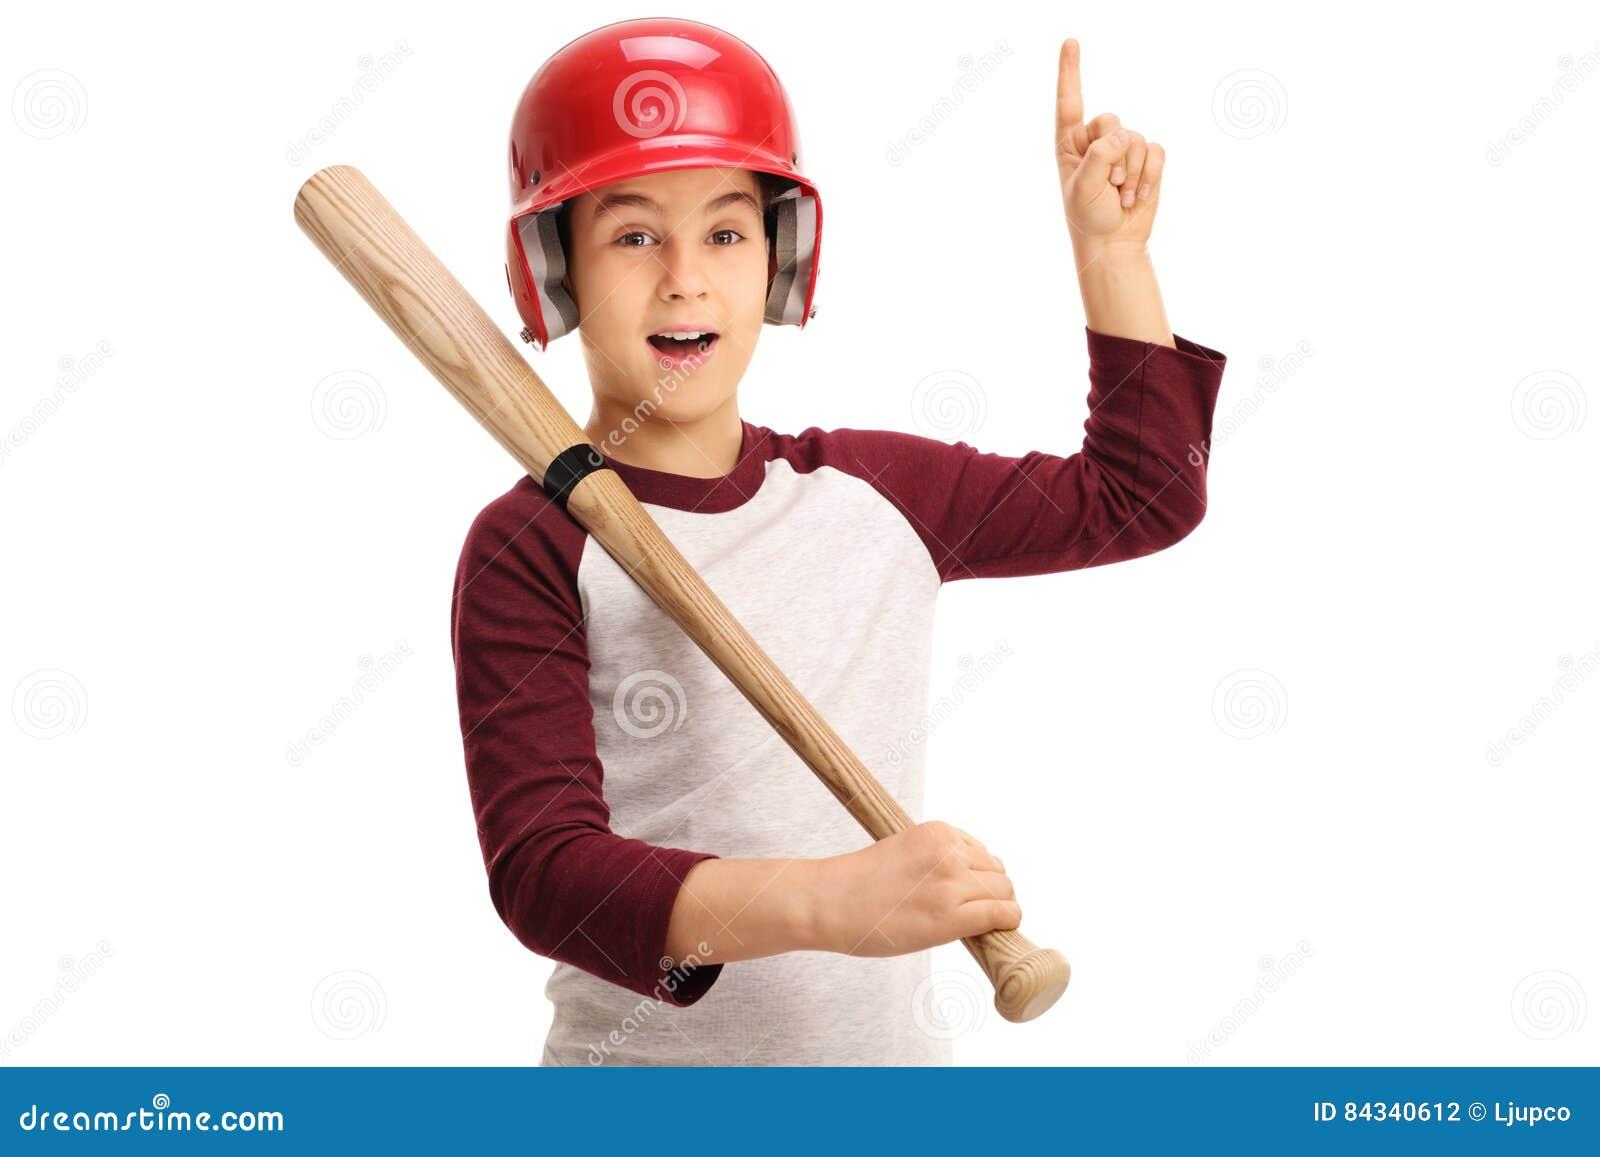 joyful kid with baseball equipment pointing up stock photo image
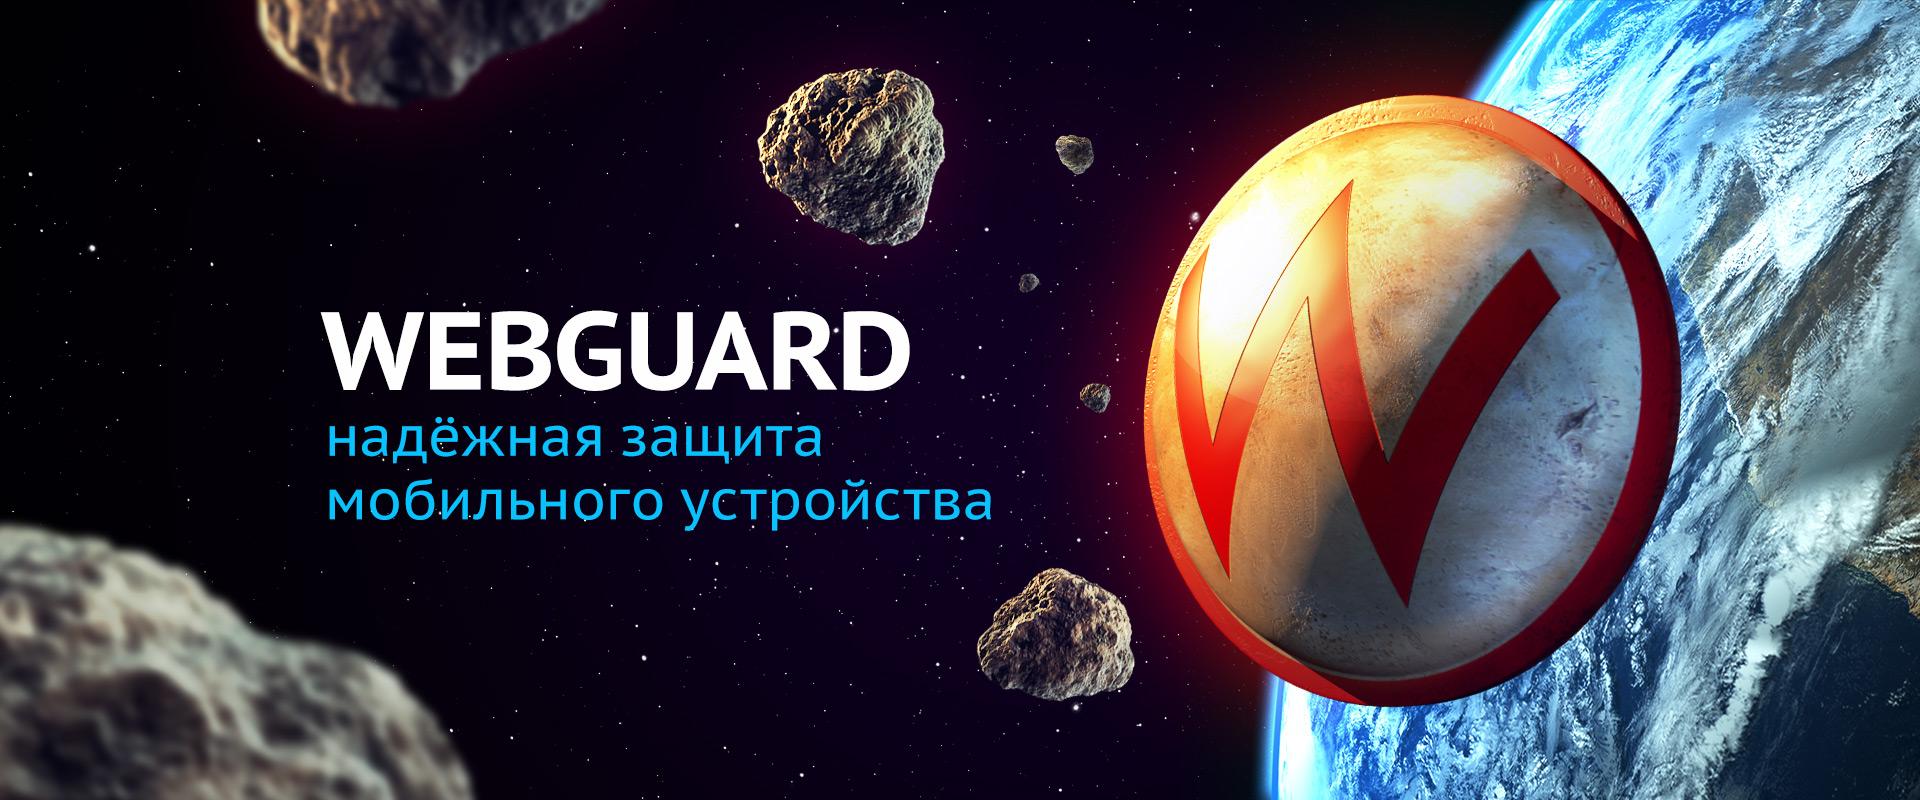 slide_app_webguard_ru
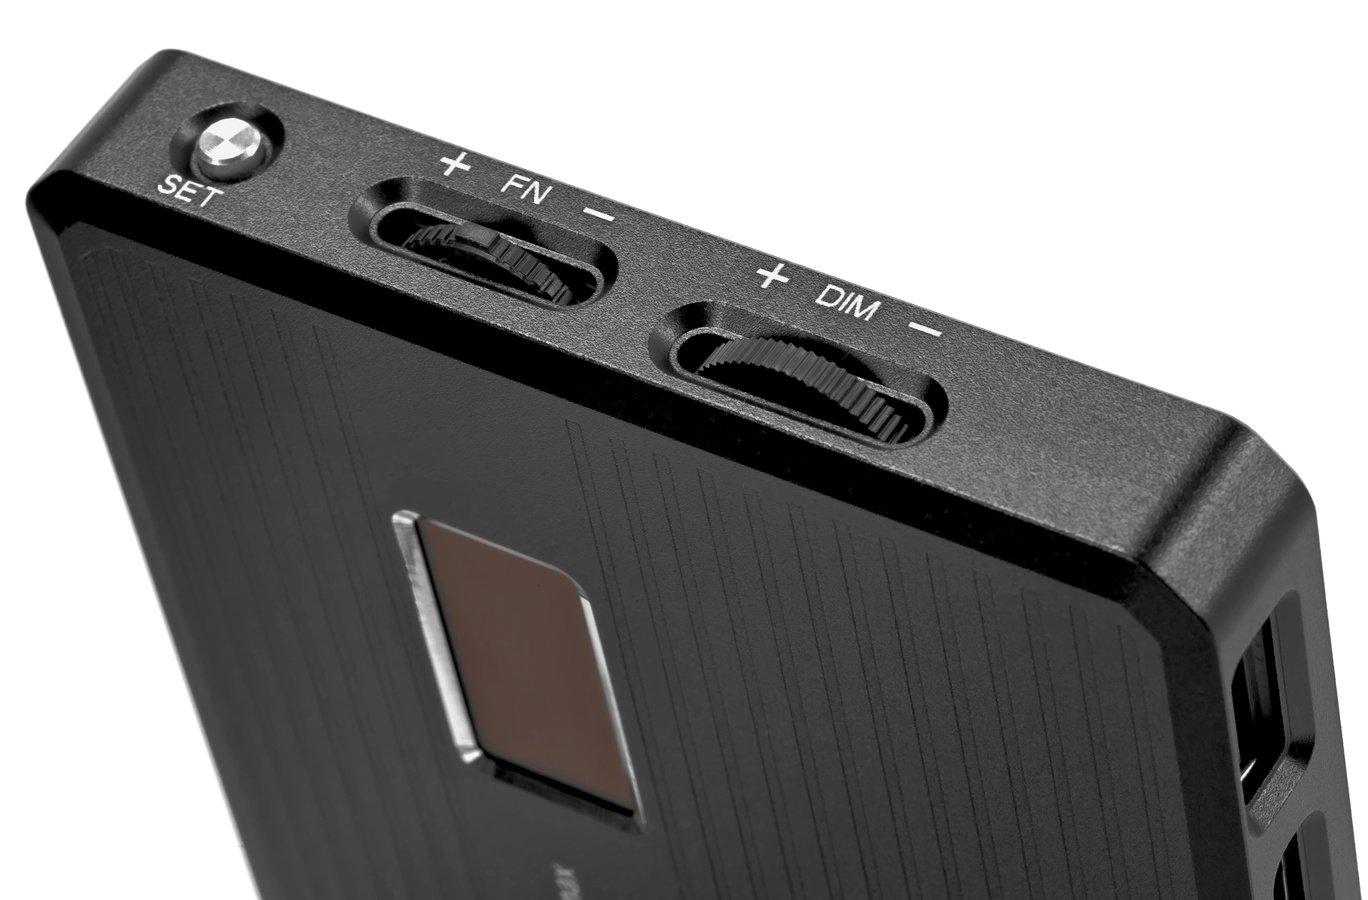 SmallRig 3157 Pix M160 RGB LED Kameraleuchte mit eingebautem Akku Foto Nr. 3

----------

## WORK TASK
Line by line, return the listing above exactly, dropping every picture.

## RESULT
 joyful kid with baseball equipment pointing up stock photo image
 slide_app_webguard_ru
 SmallRig 3157 Pix M160 RGB LED Kameraleuchte mit eingebautem Akku Foto Nr. 3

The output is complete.